Public Meeting on Buffalo Bayou Dams


Corps of Engineers to Issue Repair Update Wednesday, March 9

March 7, 2016

Updated March 14, 2016

The US Army Corps of Engineers, Galveston District, is holding a public meeting Wednesday, March 9, 2016, to update the public about progress in repairing the Addicks and Barker dams on South Mayde Creek and Buffalo Bayou in rapidly developing west Houston.

The two earthen dams, completed in the 1940s, were labeled “extremely high risk” in 2009 when engineers noticed seepage around the dams’ gates and ends following a heavy storm. The “extremely high risk” designation did not mean the dams were in danger of failing soon. But the possibility of failure combined with the dams’ location upstream of a major metropolitan area lifted the dams into the urgent category.

As a result, the reservoirs, which are dry reservoirs and contain one of the region’s largest parks and recreation areas, cannot be filled to capacity during storms, which impacts the way water is released from the dams before and after storms: faster and more often. (Correction: The Corps of Engineers says that the structural problems with the dams have had no impact on the capacity limit or release rates.) This unnatural flow regime in turn impacts Buffalo Bayou downstream. (South Mayde Creek joins Buffalo Bayou just below the dams.) However, most of the flooding in Buffalo Bayou during heavy storms is caused by surface runoff from buildings, highways, streets, parking lots, and other paved surfaces below the dams, which are closed during rain events.

Barker Reservoir. Undated photo courtesy of USACE, Galveston District.

Barker Reservoir. Undated photo courtesy of USACE, Galveston District.

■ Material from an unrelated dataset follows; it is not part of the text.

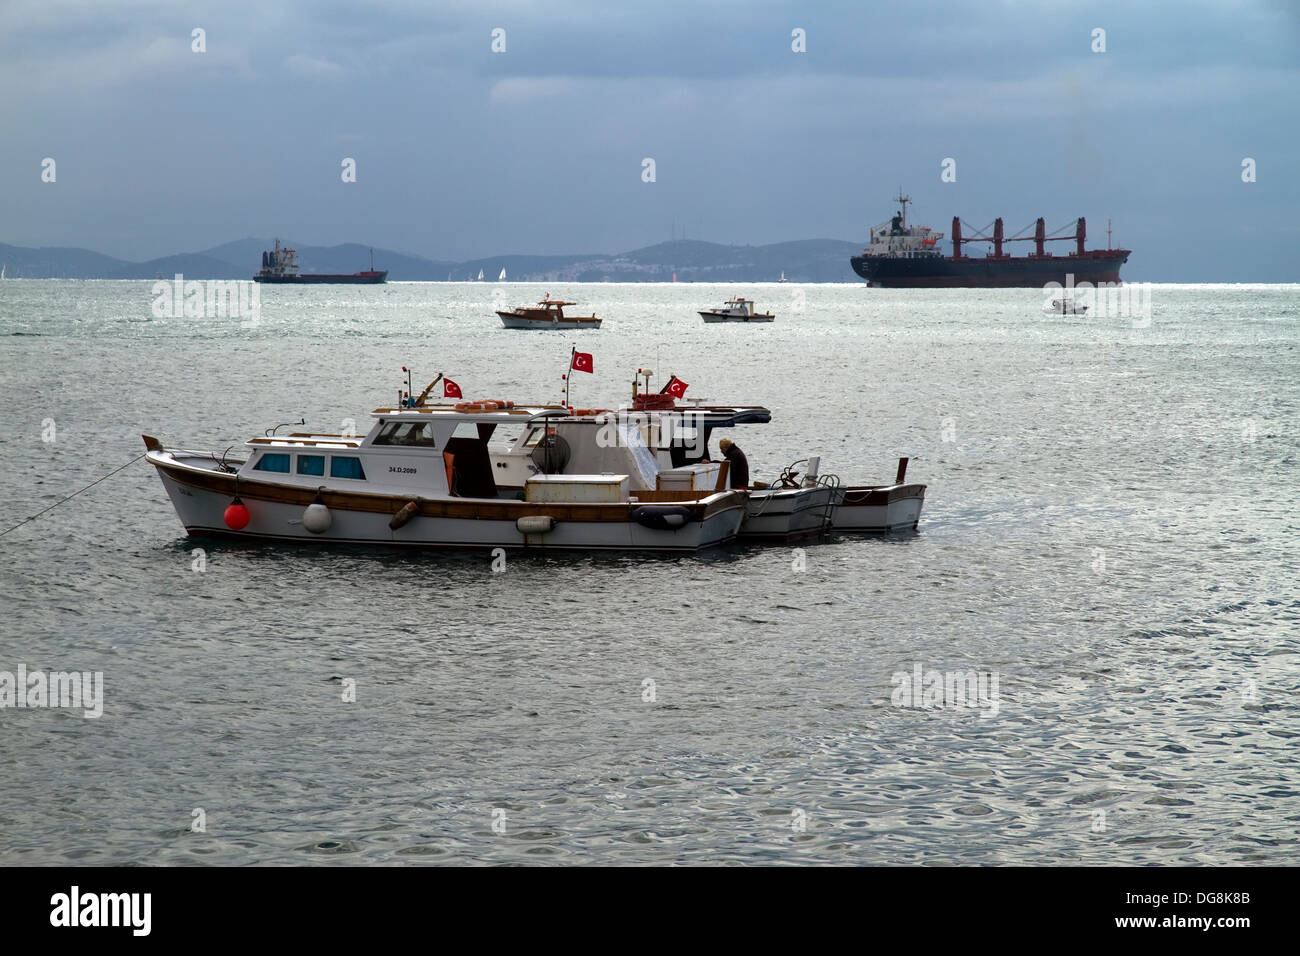 Local Fishing Boats Swaying on the Waves in Bosphorus on Against Cloudy Sky Stock Photo

Until recently releases from the dams, combined with existing flow in the bayou, were limited to 2,000 cubic feet per second (cfs) as measured by the Piney Point gauge. In 2010, however, the Corps received permission to increase the flow to 4,000 cfs if necessary, the point beyond which severe flooding is expected to occur. (See also dam operation, pdf, page 2.)

Following the Memorial Day flood in 2015, the Corps began sustained releases reaching 3,000 cfs for the first time. (See Item V, Minute 3:25, appearance by Flood Control District Director Mike Talbott before Harris County Commissioners Court, June 2, 2015.)

The public meeting on Wednesday will address the Addicks and Barker Dam Safety Program, the 2016 Addicks and Barker construction plans and the proposed Section 216 Study. The meeting will take place from 6:30 to 8:30 p.m. at the Bear Creek Community Center, 16001 Clay Road, Houston 77084

In 2015 the USACE Galveston District awarded a contract in the amount of $71,902,340 to Granite Construction Company for construction of new outlet structures at the dams. Construction, expected to begin in September, began in February. Completion is projected for summer of 2019.

A Section 216 study is required by Section 216 of the federal Water Resources Development Act of 2000 whenever there are changes in the operations and management of a water resources project. However, the study cannot take place until it is authorized and funded by Congress, says Richard Long, supervisory natural resources manager for the Galveston District.

“First and foremost, these dams are not in danger of failing,” says Col. Richard Pannell, commander of the Galveston District, in a press release. “Addicks and Barker are dry reservoirs about 90 percent of the time, and they undergo daily, weekly and annual inspections and monitoring. While the likelihood of overtopping or failure is very low, the fact the dams protect the nation’s fourth largest metropolitan area makes the consequences to life safety relatively high risk.”

4 thoughts on “Public Meeting on Buffalo Bayou Dams”

  1. Jeff Ragsdale says:

    Perhaps there could be a public bond election to side-step congressional funding?

  2. george figueroa says:

    not an easy solution that has grown from unplanned urbanization seems no one is interested in controling and limiting this danger. caused by expansionism for greed not reason…

  3. GlenW says:

    Seems like it would be more prudent to reduce further development in the flood plains and condemn properties whenever practicable.

    1. Seems like it would. And require better runoff detention — but not by cutting down trees.

      Spread it out, slow it down, soak it in.